5.8.2 Participants A further potential source of bias in the study was the fact that participants were from a narrow and non-representative demographic (specifically university and graduate students at two top-tier universities). Thus, it is unclear whether the effects noted would generalize to other demographic groups, still less so for under-represented groups [Plass et al. 2007].

Further, all participants in the study self-selected by enrolling in the course and consenting to participate in the study. As the course was not required, it is likely that participants had at least some prior motivation for learning the material in question, casting further doubt on the generalizability of our results.

5.8.2 Experimenter As is often the case in contextual studies of this kind, the course instructor and software creator was also the author of the study and clearly influenced participants’
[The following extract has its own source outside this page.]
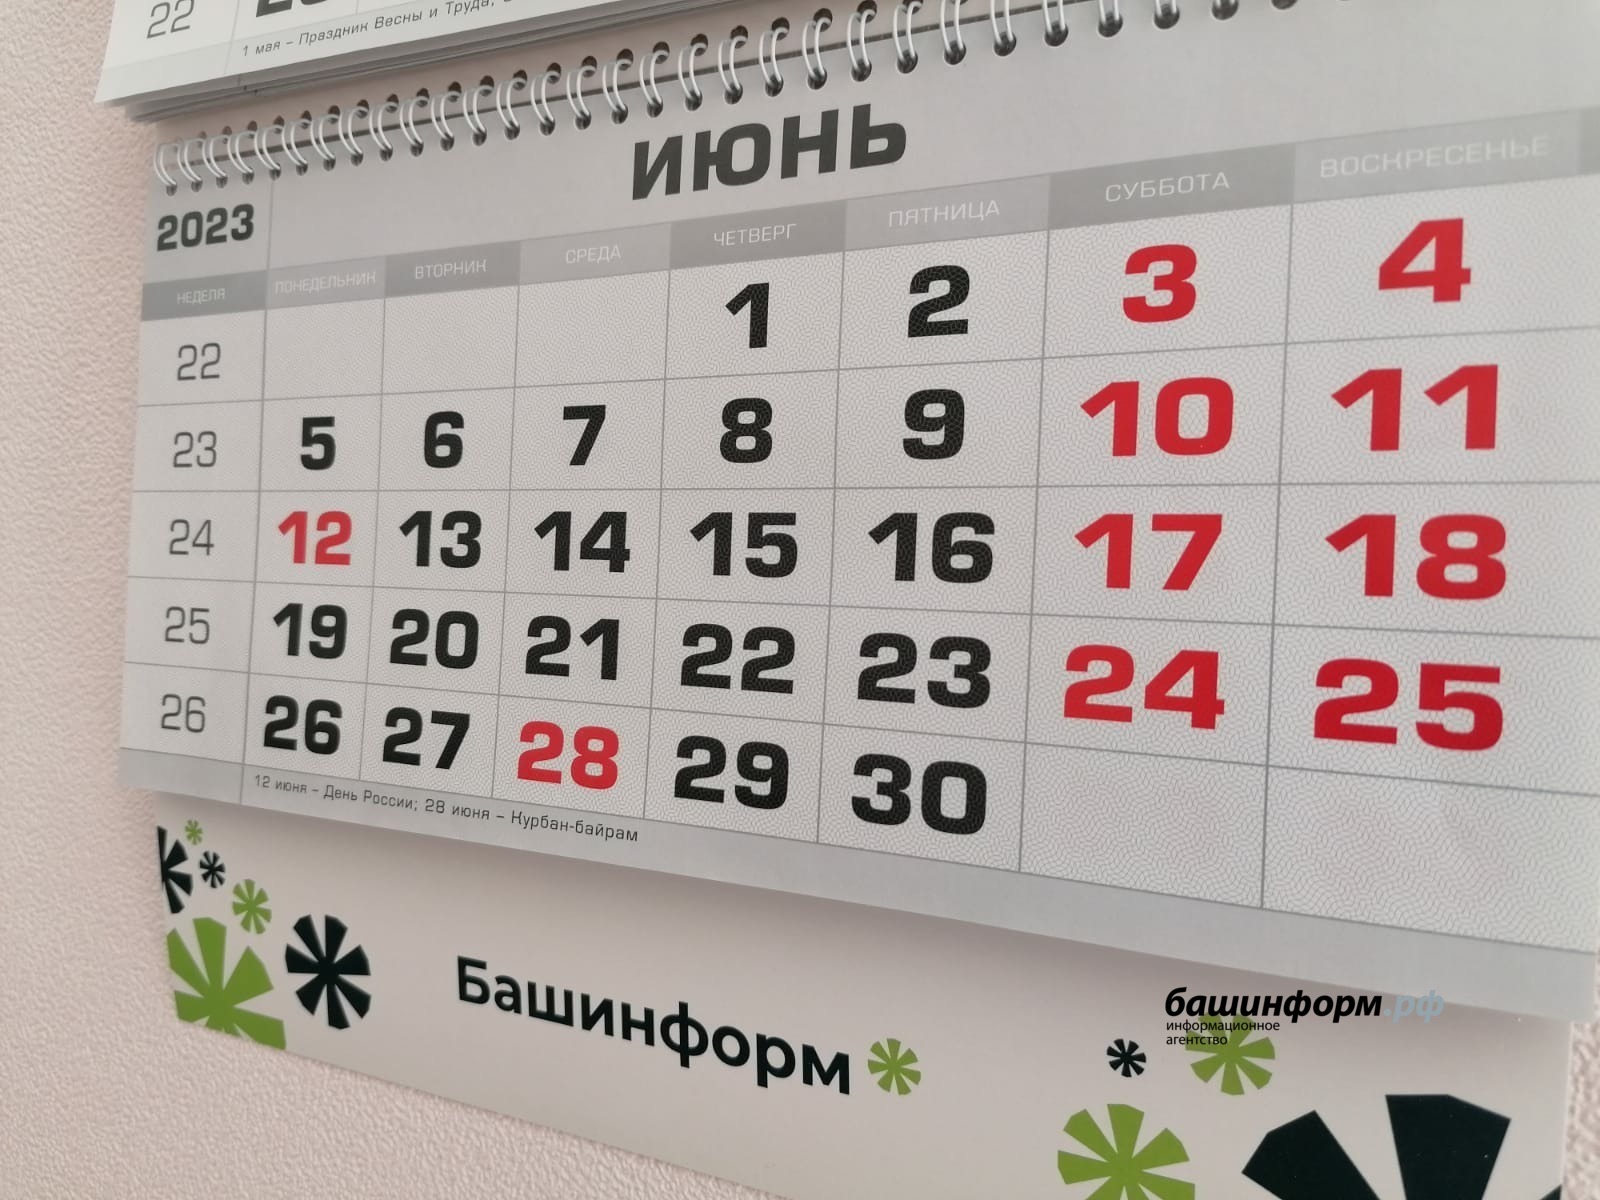 Праздничные дни в апреле 2024 в башкирии. Нерабочие дни в июне 2023 в Башкирии. Праздничные дни в июне 2023 года в Башкирии. В июне есть праздничные выходные в 2023. В июне выходные выходные 2023.

experience of both the tools and teaching. As mentioned previously (See Chapter 3:

Generative Pedagogy), this helped to facilitate the adaptive character of the course, as pace and direction were adjusted based on feedback about both the tools and the materials. It is unclear whether a course taught by a different instructor, specifically one less familiar with these tools, would yield similar results.

5.8.2 Software Similarly, as is often the case in contextual studies of this kind, the software being evaluated was modified throughout the course of the study. Several bug fixes, and even a number of features requests were accommodated over the course of the semester, thus introducing another potentially confounding factor to the study.